“What’s the matter?”

“I wouldn’t send it,” advised Hood earnestly.

“Why not?” snapped Bert.

“It will make him sore as the dickens.”

“That’s what we want, isn’t it?” said Bert, looking at Hood in surprise.

But Hood shook his head disapprovingly and said in all seriousness, “We’ll never get another tip from him if you send that telegram!”

A professional trader actually said that. Now what’s the use of talking about sucker tip-takers? Men do not take tips because they are bally asses but because they like those hope cocktails I spoke of. Old Baron Rothschild’s recipe for wealth winning applies with greater force than ever to speculation. Somebody asked him if making money in the Bourse was not a very difficult matter, and he replied that, on the contrary, he thought it was very easy.

“That is because you are so rich,” objected the interviewer.

“Not at all. I have found an easy way and I stick to it. I simply cannot help making money. I will tell you my secret if you wish. It is this: I never buy at the bottom and I always sell too soon.”

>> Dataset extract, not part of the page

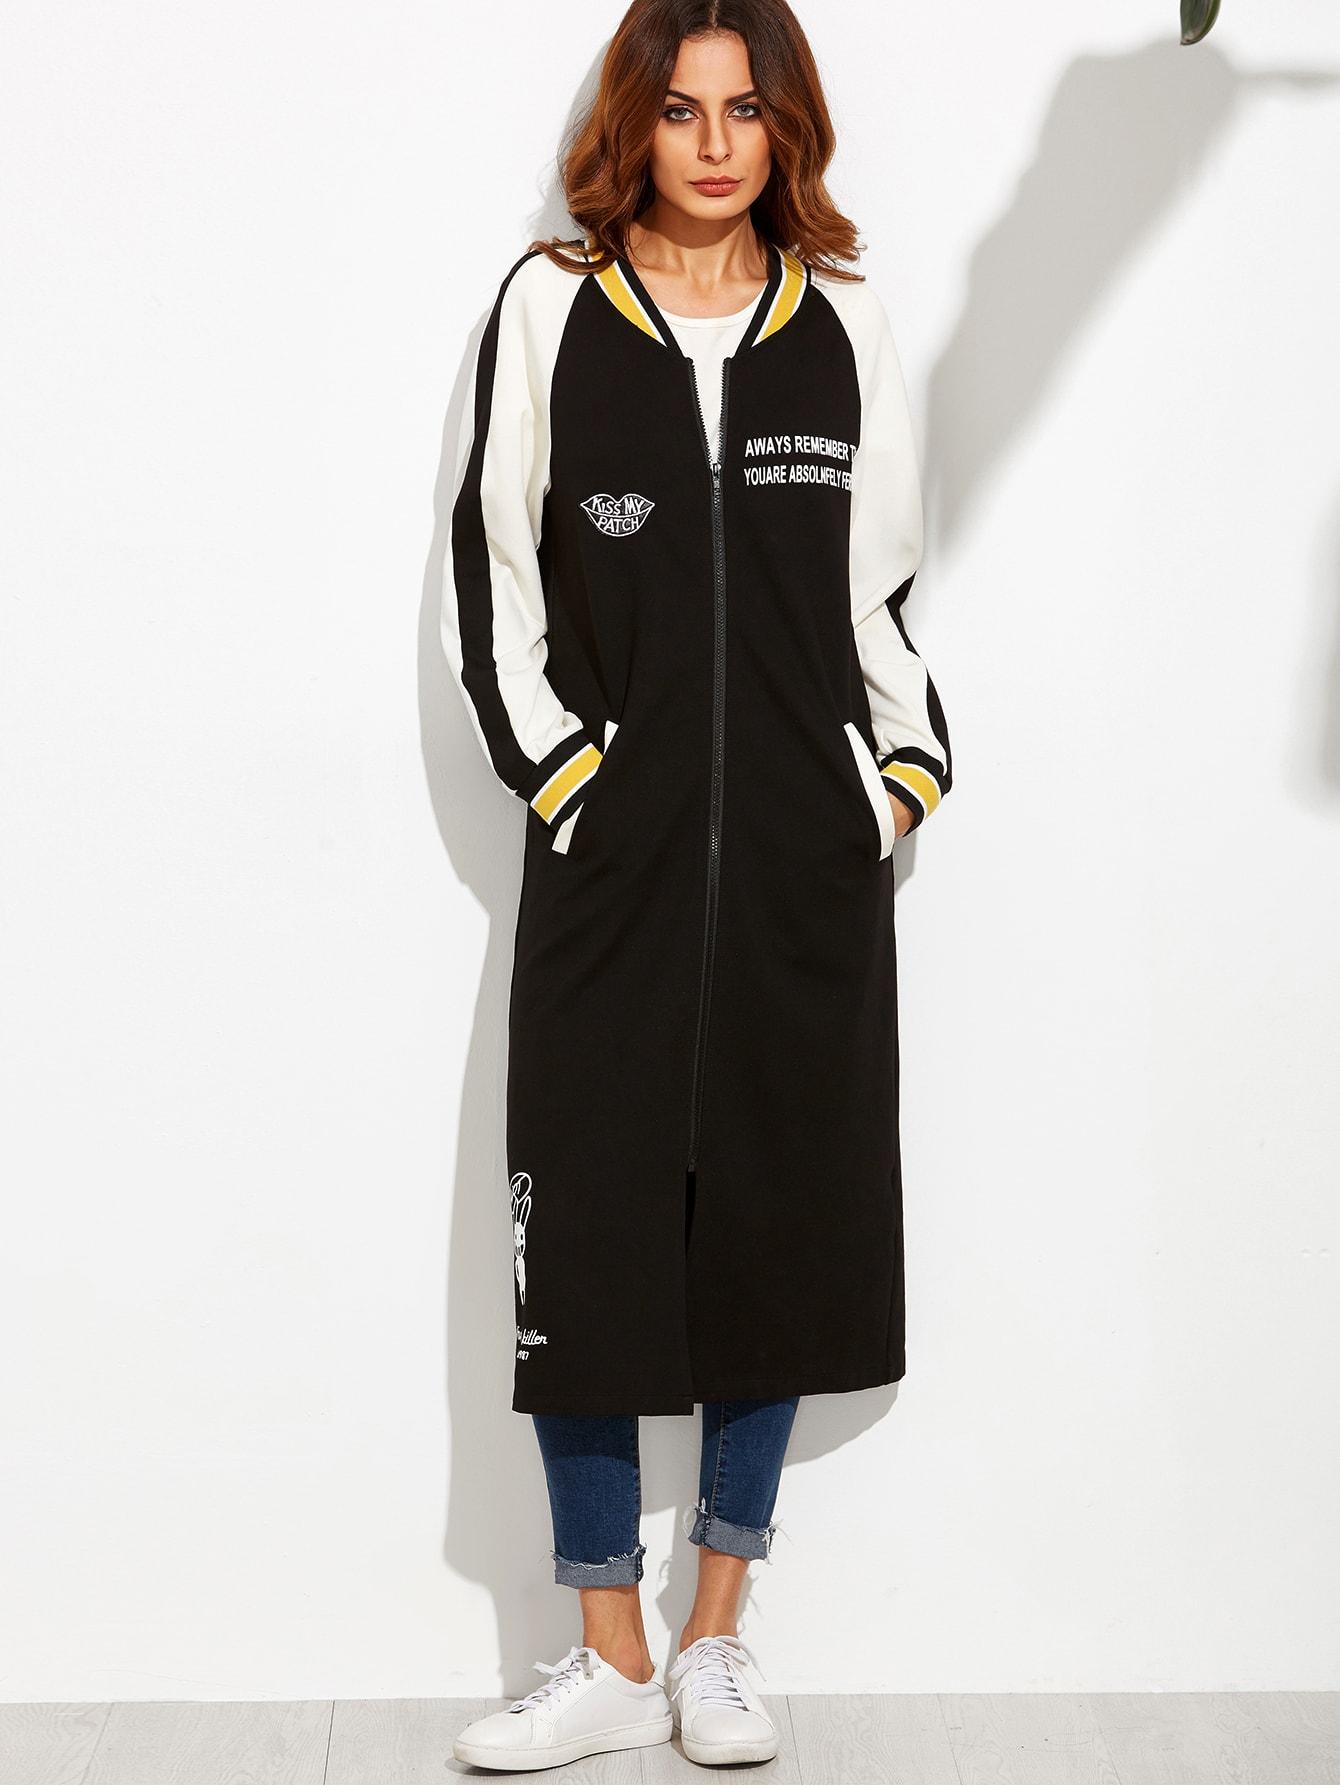 outerwear160810702_2

Investors are a different breed of cats. Most of them go in strong for inventories and statistics of earnings and all sorts of mathematical data, as though that meant facts and certainties. The human factor is minimised as a rule. Very few people like to buy into a one-man business. But the wisest investor I ever knew was a man who began by being a Pennsylvania Dutchman and followed it up by coming to Wall Street and seeing a great deal of Russell Sage.